Wed Oct 31 14:11:34 EDT 2007

On Thu, 04 Oct 2007 11:20:30 +0200
Ralf Reussner <reussner at ipd.uka.de> wrote:

> Dear Wei Huang,
> 
> thanks for your report. We will have a look into this. Please include 
> instead of my email adress the email of our developer & maintainer
> team skampi at ira.uka.de in the discussions, so that all of us are
> informend on the discussion.

Hi,

sorry that I kept you waiting for so long, but I needed a quiet hour to
have a look at the algorithm myself. Meanwhile some guys from OpenMPI
had some similar problems so I've put something together:

The basic idea behind the algorithm is that the measurement
environment starts the communication operation synchronous on all
processors (taking into consideration the time differences between the
local clocks) and provides a time slot where there is no other
interfering communication.

so we have something like

   while number measurements resp. precision not reached

      repeat a couple of times

          start_synchronization()
             wait for start of time slot in the future (if time slot
             doesn't start in the future continue but remember the
             measurement is INVALID_STARTED_LATE)

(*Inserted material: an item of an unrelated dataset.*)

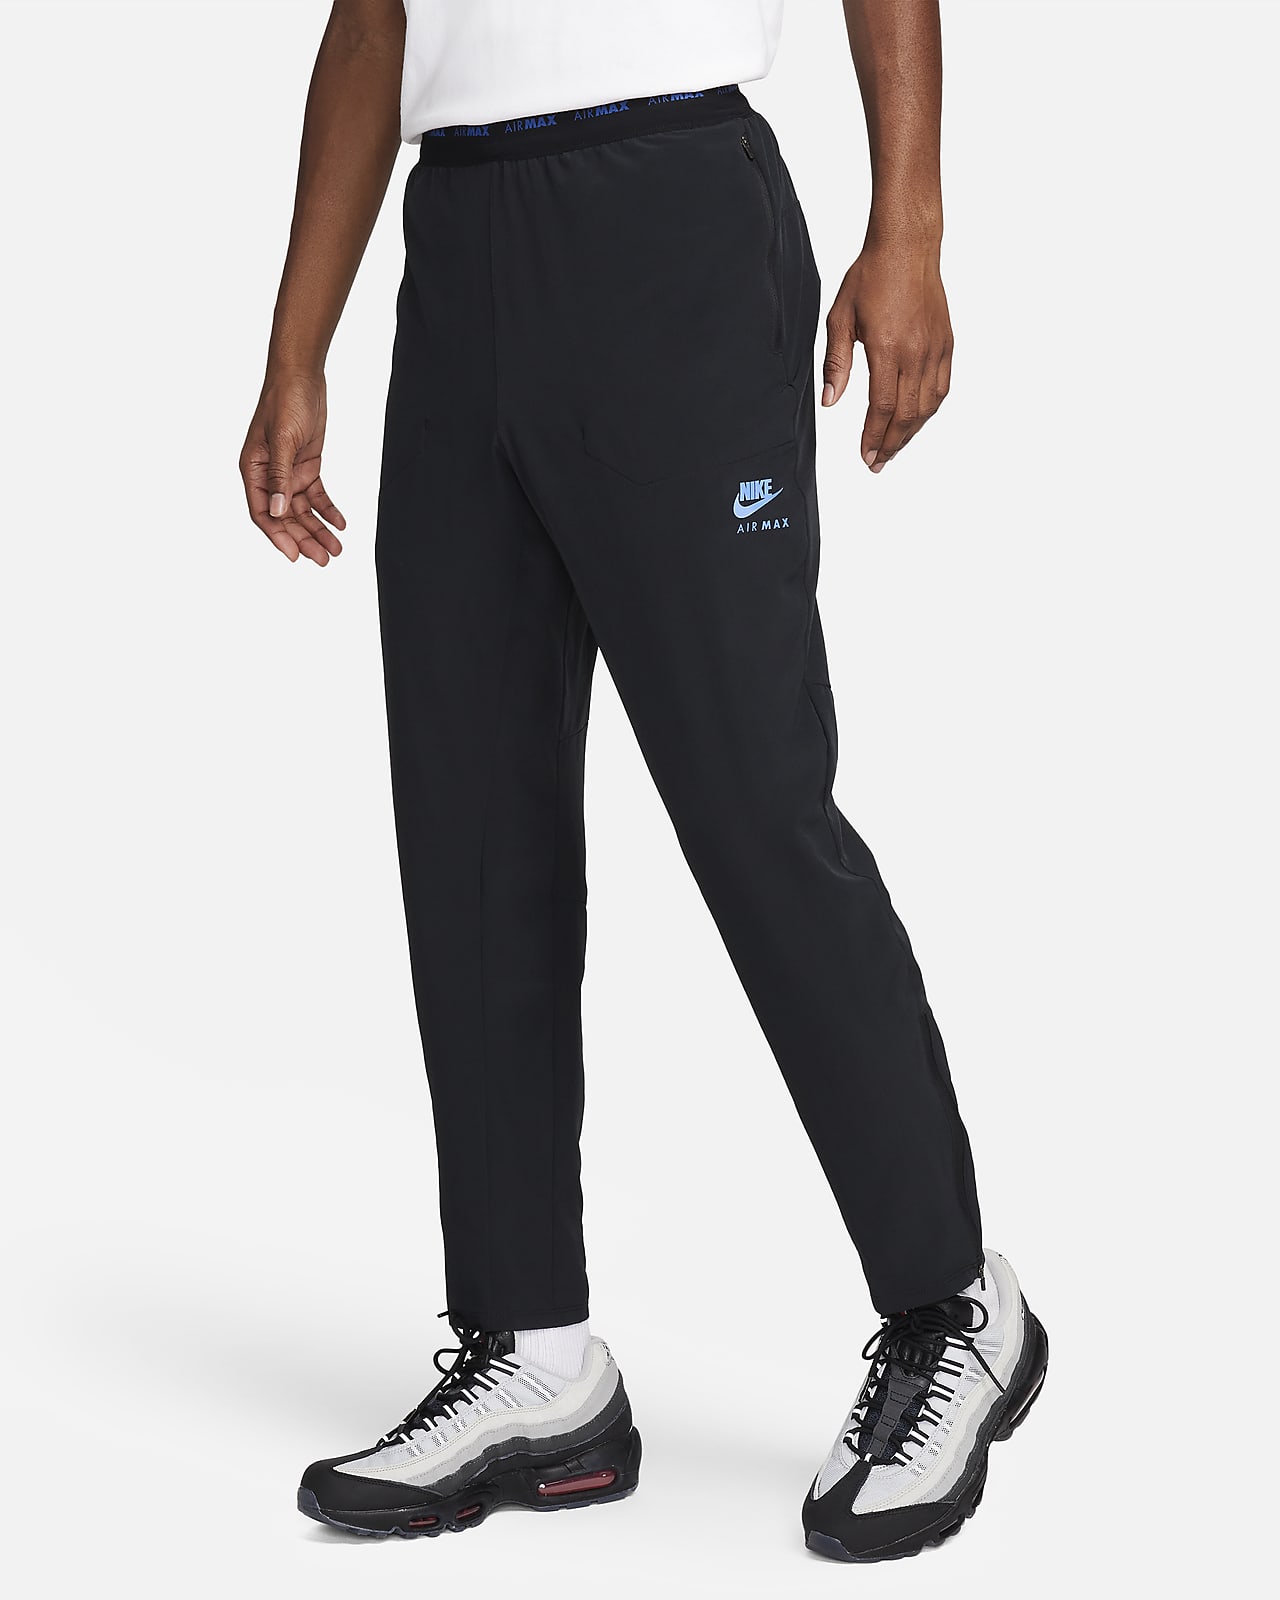 Pantalon tissé Dri-FIT Nike Air Max pour homme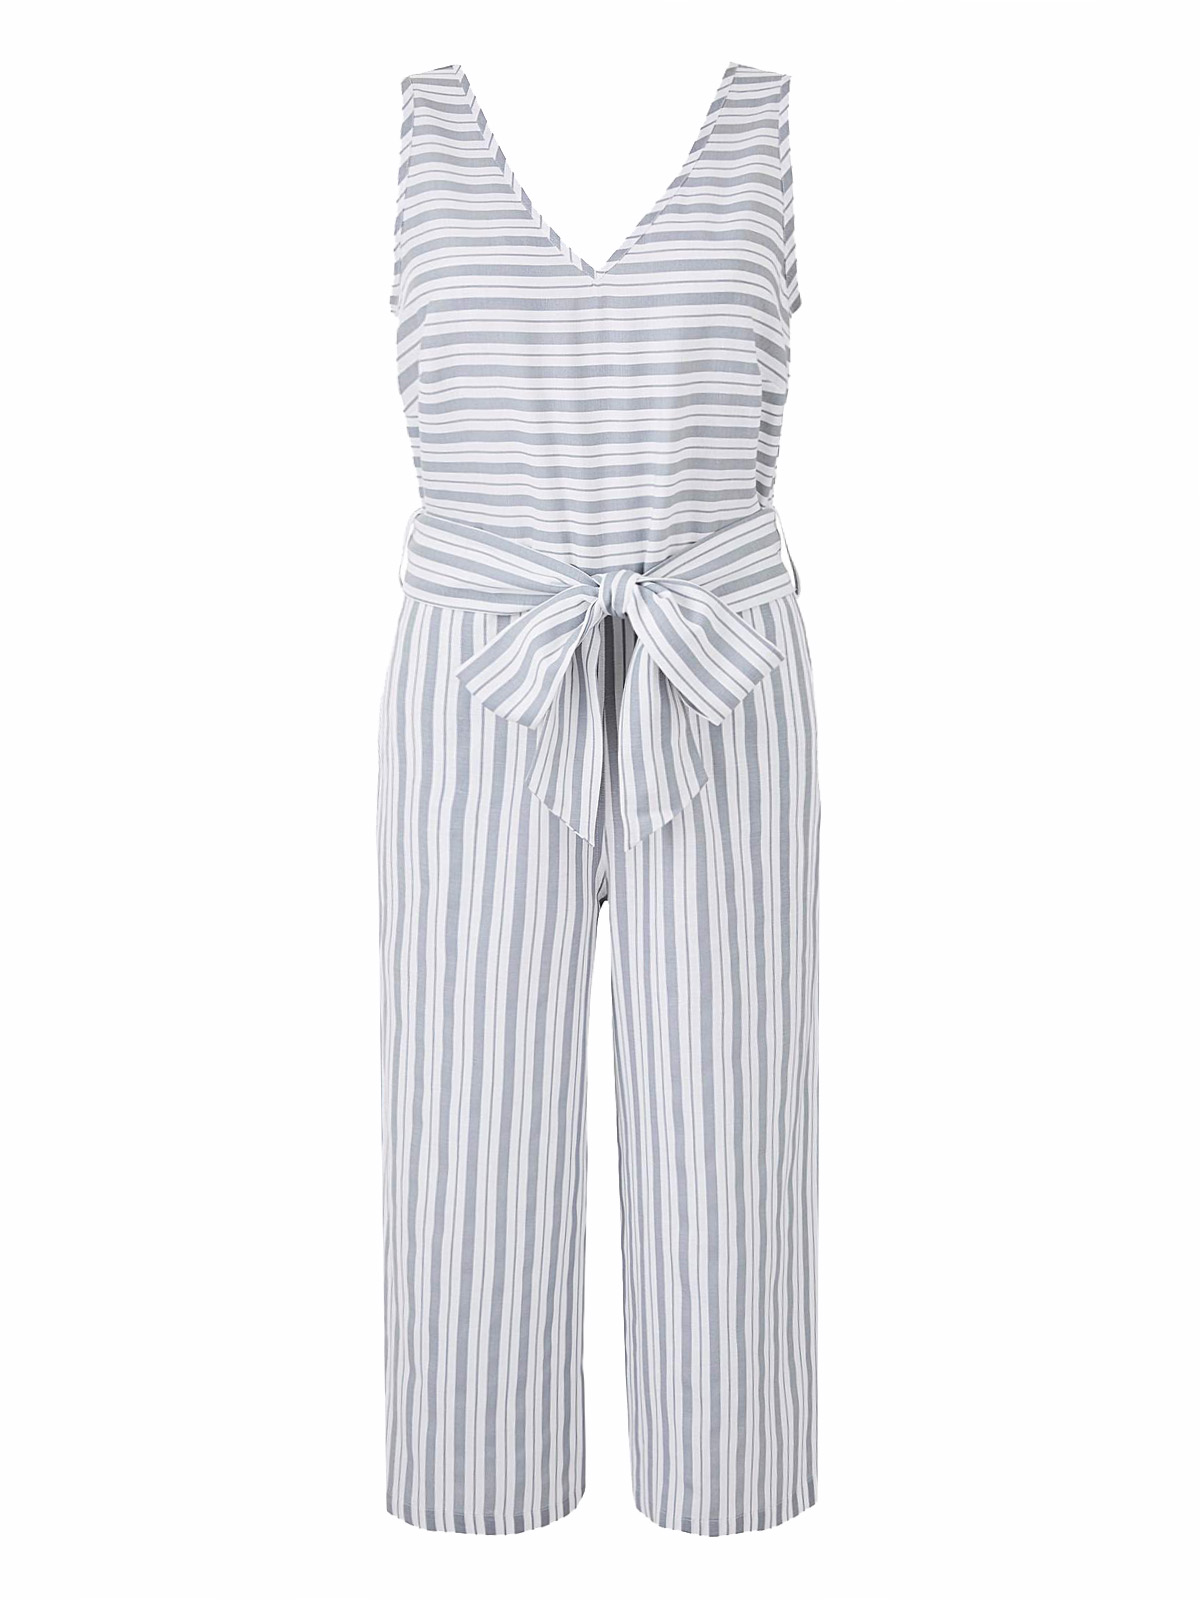 Capsule - - Capsule GREY Linen Blend Striped Jumpsuit - Plus Size 14 to 26

          MPI_Whatever(....) 

          stop_synchronization()
             check if time is still in time slot otherwise mark
             measurements as INVALID_TOOK_TOO_LONG

    gather results and valid flags

    pick out the valid measurements ignore the other ones

    decide if the time slot is large enough, increase time slot if
    necessary 

You can find a more detailed explanation in our EuroPVM/MPI
contribution: http://liinwww.ira.uka.de/~augustin/europvm-mpi02.ps

The tricky part is obviously the decision how to choose the time slot
for future measurements so that we don't waste too much time waiting.
If we have too many communications which don't fit into the time slot
it is obviously too small. But sometimes it happens that we have some
longer delay (interrupt on one processor or some other operating
system job running) which happen only occasionally but interfere with
several successive time slots. These shouldn't increase the time slots
but perhaps decrease the number of repetitions till we collect the
results and re-synchronise. 

The second problem is precise waiting for such short time spans. I've
found a lot of not really portable routines with impressive names like
nano-sleep but which were horrible inaccurate or insisted to sleep at
least for one millisecond. Therefore I had to rely on busy waiting with
MPI_Wtime. So it might be, that the MPI implementation doesn't do any
progress while spinning in MPI_Wtime calls?!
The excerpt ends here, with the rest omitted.